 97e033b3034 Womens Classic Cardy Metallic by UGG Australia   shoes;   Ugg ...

------------

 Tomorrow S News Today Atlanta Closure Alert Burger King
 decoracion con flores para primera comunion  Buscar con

------------

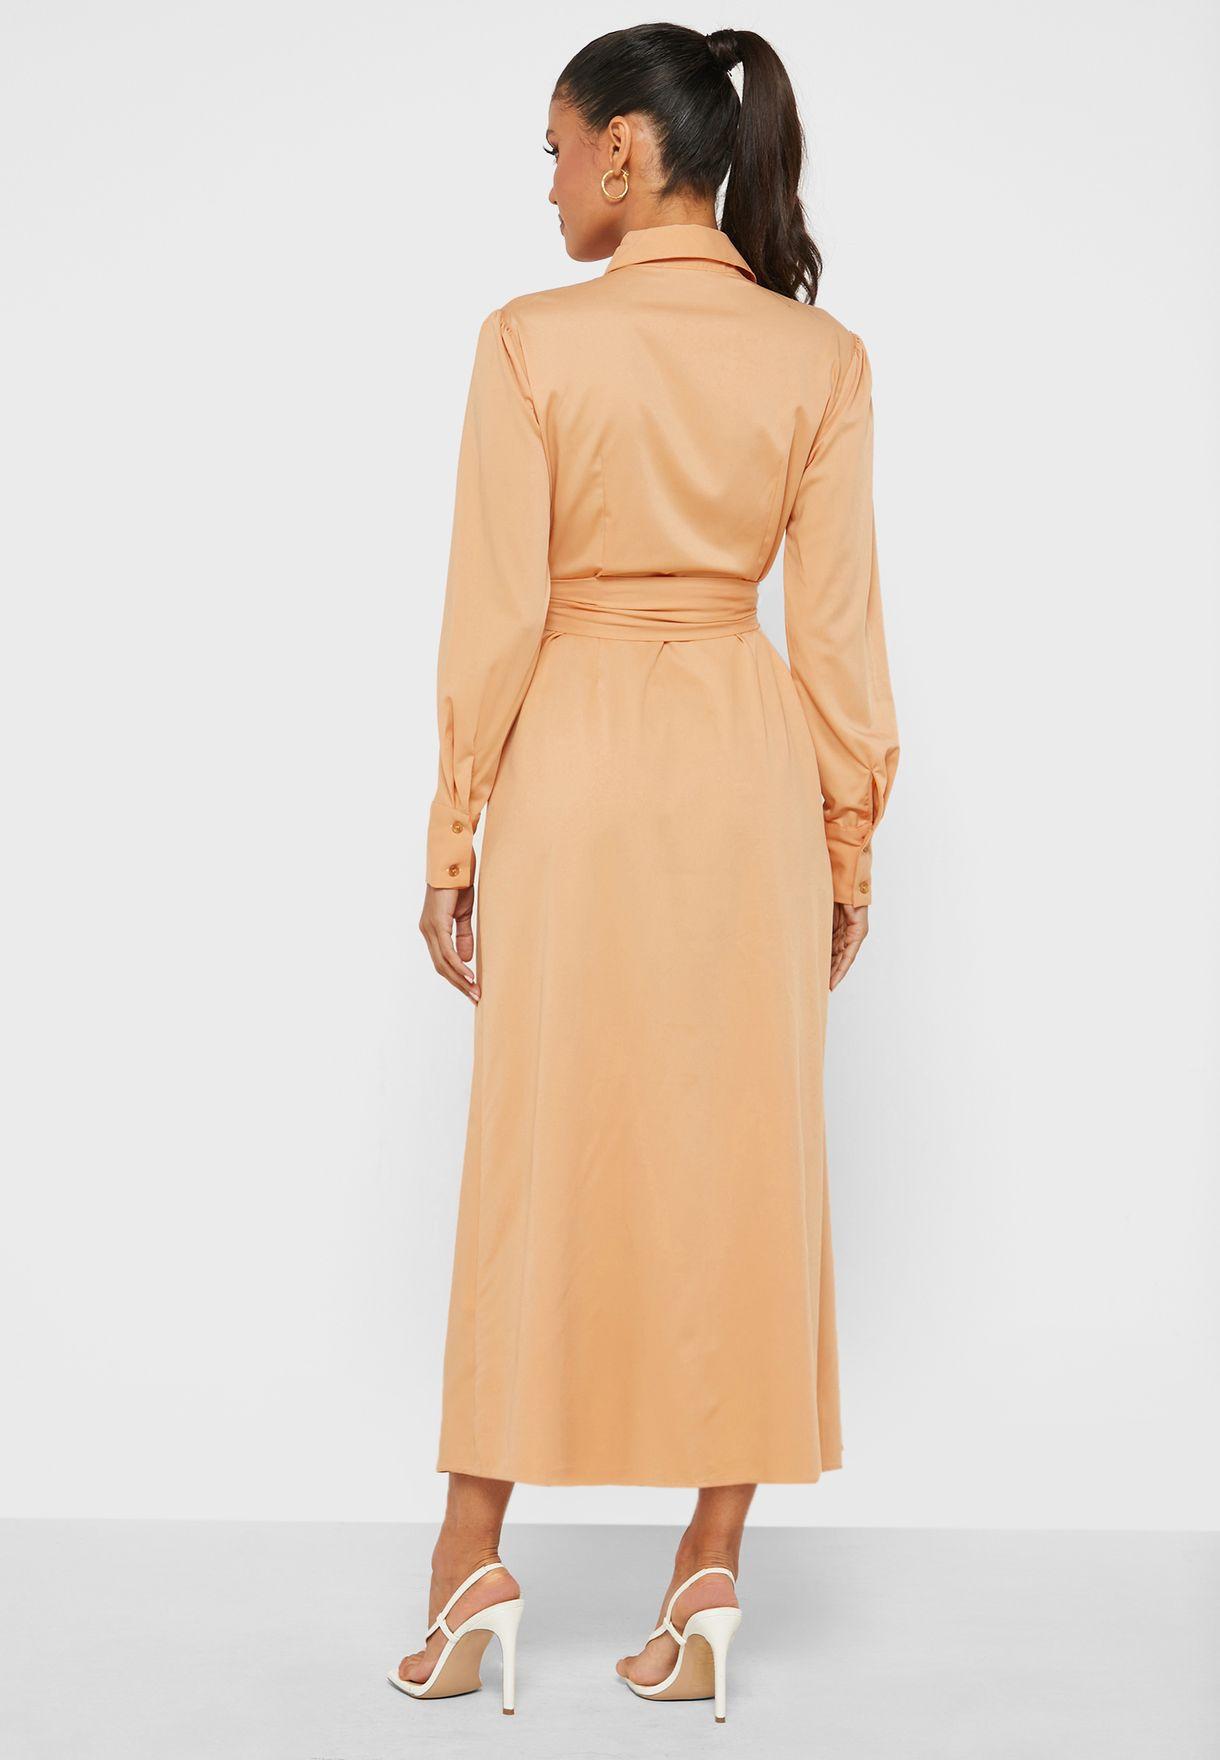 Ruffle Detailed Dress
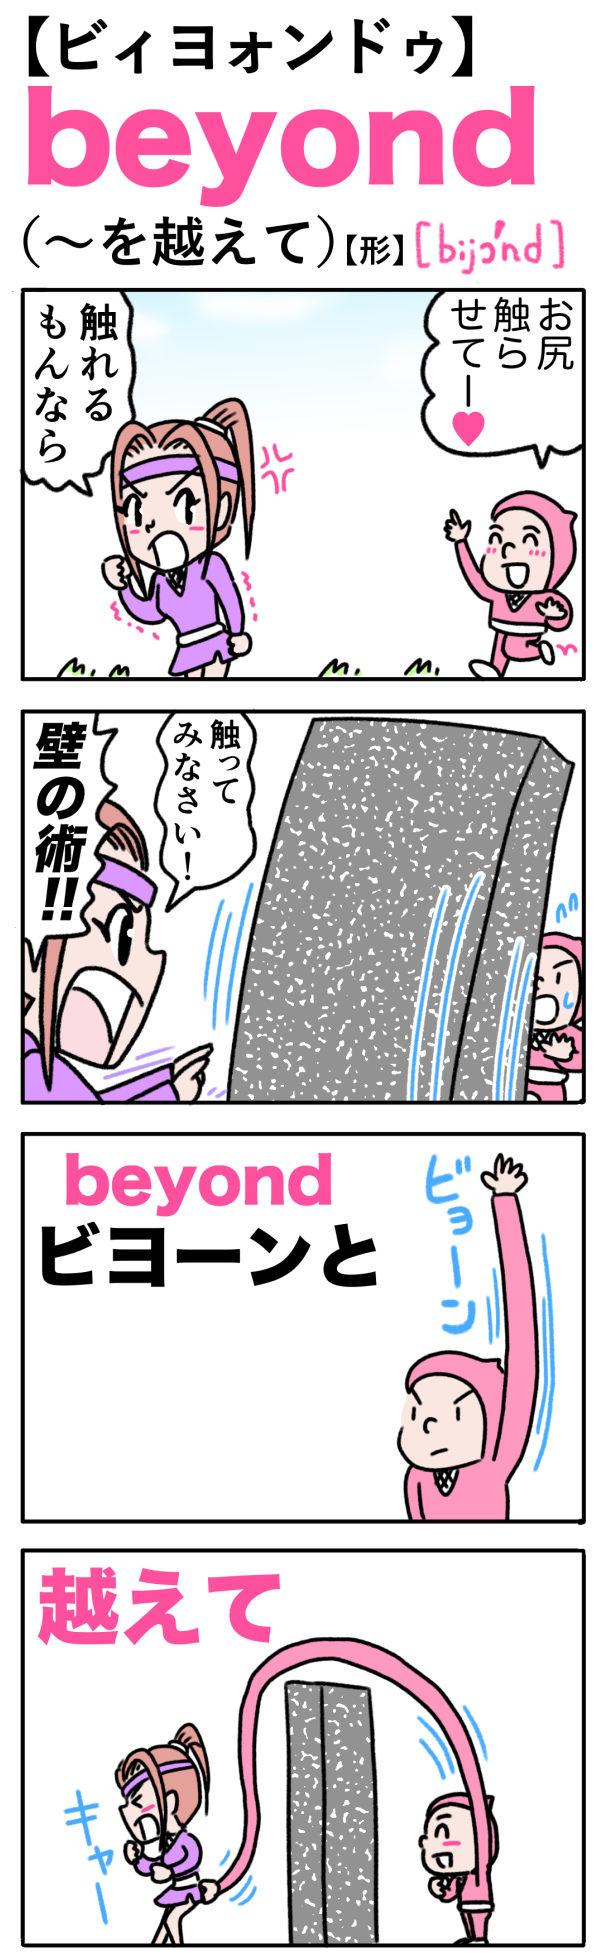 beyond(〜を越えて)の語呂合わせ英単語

------------

## About this task
Of the entries above, repeat exactly the lines from the line with "Tomorrow S News" through the line with "decoracion con flores", both of them included.

## Your solution
 Tomorrow S News Today Atlanta Closure Alert Burger King
 decoracion con flores para primera comunion  Buscar con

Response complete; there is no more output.